Und sie sind auch für alle gedacht, die im Schadenfall beteiligt sind: Dazu gehören neben dem Versicherer und dem Versicherungsnehmer vor allem die Handwerker der Sanitärbranche, die letztlich den Schaden beheben. Hinzu kommen gegebenenfalls Firmen der Leckage-Ortung oder weitere Fachfirmen, zum Beispiel Trocknungsfirmen oder auch sonstige Handwerksfirmen wie Maler oder Fliesenleger. Auch Verwalter, Mieter und natürlich die Akteure der Wohnungsgesellschaften sind bei der Beseitigung von Leitungswasserschäden gefragt. Die verschiedenen Akteure sind in den Richtlinien aufgeführt.

Wichtig ist, dass alle Akteure am selben Strang und auch in die richtige Richtung ziehen.  

Welche Ziele werden mit den Richtlinien verfolgt?

Im Vordergrund steht die fachgerechte und schnelle Abwicklung des Leitungswasserschadens. Die Richtlinien sollen dazu beitragen, dass die Schadenbehebung von allen Beteiligten als kooperativer Prozess verstanden wird. Das setzt ein einheitliches Verständnis für die fachgerechte und schnelle Behebung des Schadens voraus. Daher beschreiben die Richtlinien den optimalen Ablauf der Schadenbeseitigung.

Und wer hat alles bei der Erarbeitung mitgewirkt? Wie sind Sie vorgegangen?
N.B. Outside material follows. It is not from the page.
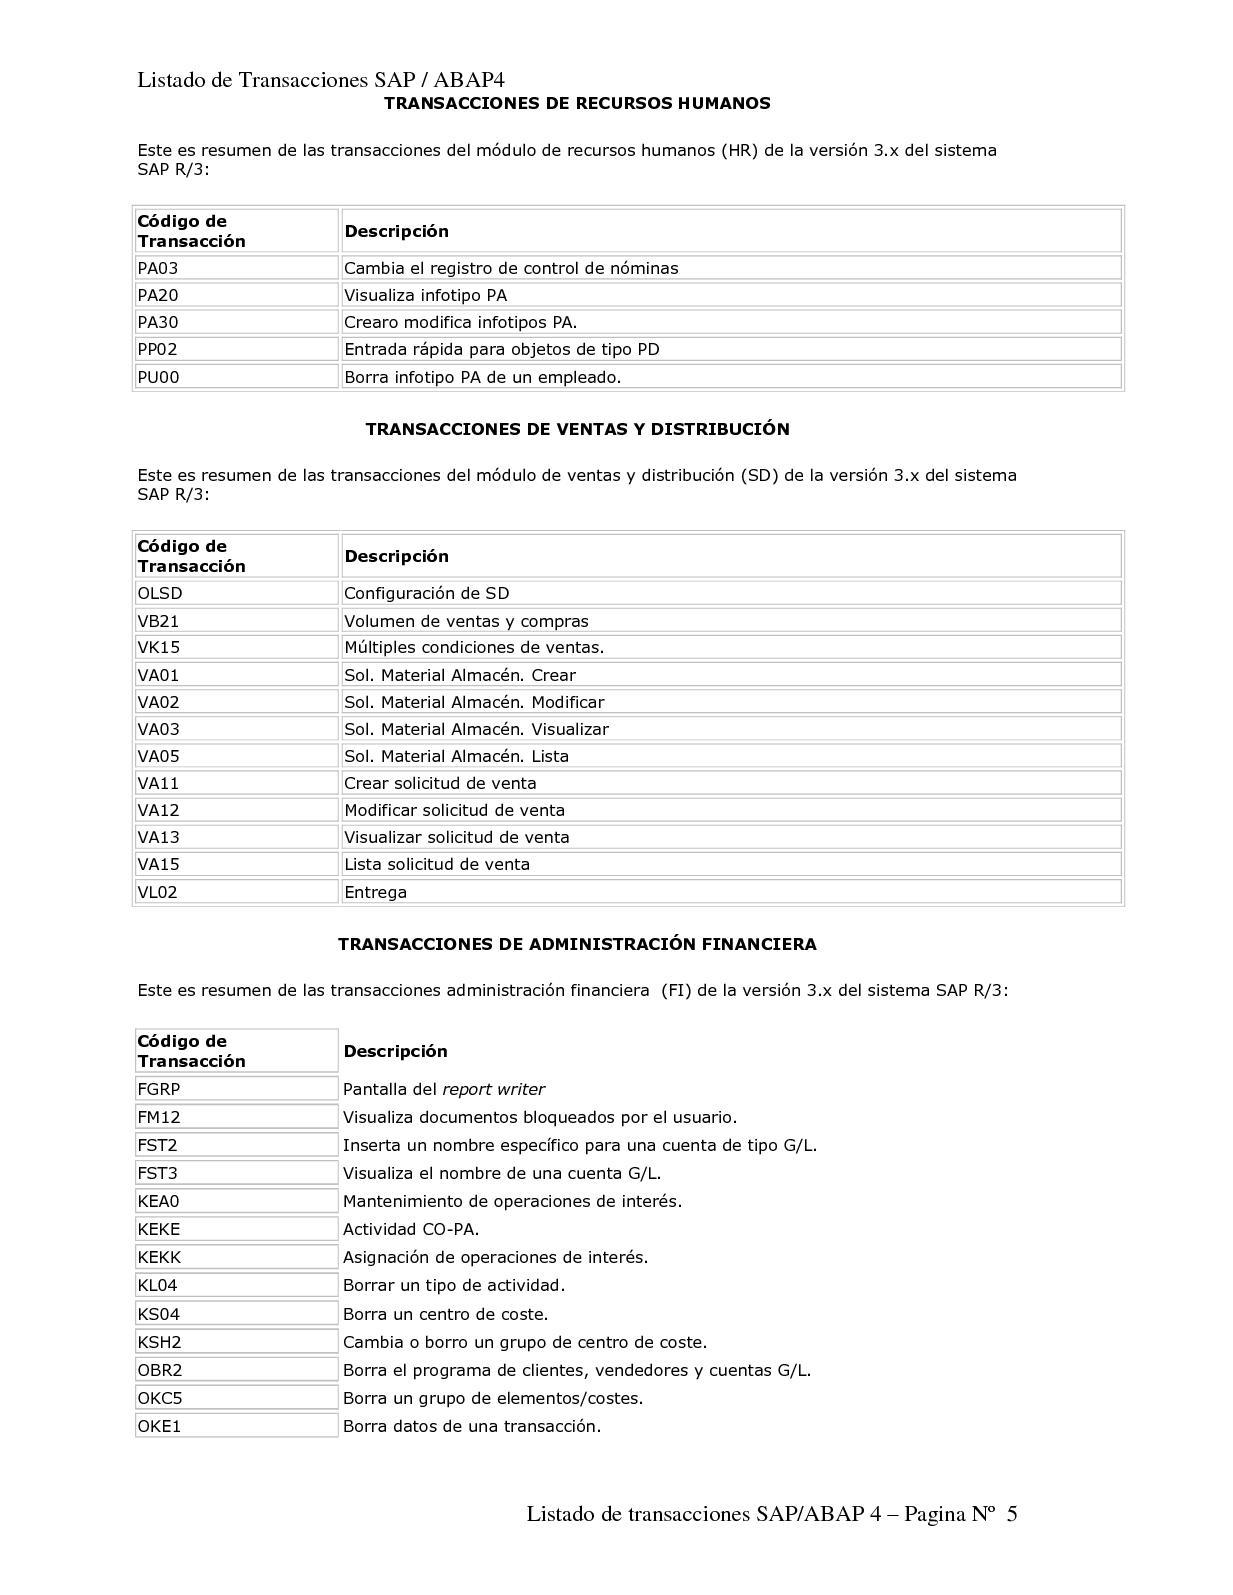 Sap Listado De Transacciones Calameo Downloader

Der GDV hat die Richtlinien in Zusammenarbeit mit Verbänden der Sanierungsbranche und der Sachverständigen erarbeitet. Akteure waren z.B. Schadensachbearbeiter, Regulierer, Schadenkoordinatoren und Führungskräfte aus der Leistungsabteilung der Versicherer. Dazu kamen Sanierungsfachleute aus den Fachverbänden Bundesverband der Brand- und Wasserschadenbeseitiger (BBW) und Fachverband Sanierung und Umwelt (FSU), Bausachverständige und Sachverständige vom Institut für Schadenverhütung und Schadenforschung der öffentlichen Versicherer (IFS), meine Person für Schadenverhütung sowie Kollegen vom GDV.

Die interdisziplinäre Zusammensetzung war für das Ergebnis und die intensiven Diskussionen sehr von Vorteil, weil alle Seiten beleuchtet werden konnten.

Fachverbände, die Versicherungswirtschaft und auch der GdW Bundesverband deutscher Wohnungs- und Immobilienunternehmen haben Teilergebnisse bzw. später die kompletten Richtlinien zur „Prüfung“ erhalten, um Meinungen und Rückmeldungen zu erhalten. Dadurch konnten die Richtlinien an der Praxis ausgerichtet werden.

Und kurz zusammengefasst, was steht drin in den Richtlinien?

Die Richtlinien beschreiben den optimalen Ablauf der Behebung von Leitungswasserschäden – von der ersten Schadenfeststellung bis zur abschließenden Entschädigungszahlung:

  • Erstmaßnahmen

  • Schadenmeldung

  • Abstimmungsprozesse (mit wem?)

  • Feststellung der Schadenursache

  • Behebung der Schadenursache

  • Wiederherstellung / Instandsetzung

  • Abnahme

  • und Regulierung.

Sie enthalten klare und verständliche Hinweise und Erläuterungen, was im Normalfall eines Leitungswasserschadens jeweils von wem beachtet und getan werden sollte.

Wer mehr wissen möchte: Im nächsten AVW-Workshop des FORUM LEITUNGSWASSER am 22.11.2018 in Hamburg werde ich die Richtlinien den technischen Entscheidern der Wohnungs- und Immobilienwirtschaft vorstellen. Gemeinsam sollen die relevanten Punkte für die Wohnungs- und Immobilienwirtschaft besprochen werden. 

Was kann die Wohnungswirtschaft aus den Richtlinien ziehen?

Aus meiner Sicht kann die Wohnungswirtschaft besonders Folgendes aus den neuen Richtlinien ziehen:

  • Zielgerechte Vorgaben zum Ablauf von Leitungswasserschaden-Sanierungen und zur Struktur

  • Vorgaben zu einer einheitlichen Schadenaufnahme, die

  1. den Prozess optimiert,

  2. die Abwicklung beschleunigt und

  3. damit die Kosten senkt.

Was sollte sich durch die neuen Richtlinien konkret bei der Leitungswasserschaden-Sanierung zukünftig verändern? Was wäre Ihr Wunsch?

Der vom Leitungswasserschaden Betroffene und alle Beteiligten sehen sich als Partner und arbeiten darauf hin, dass durch Einhaltung der „Spielregeln“ der Schaden schnell und professionell abgewickelt wird. Die beteiligten Akteure erhalten für die geleistete gute Arbeit (nach den anerkannten Regeln der Technik) ihr Geld umgehend überwiesen.

Vielen Dank für das Interview, Herr Dr. Scholzen.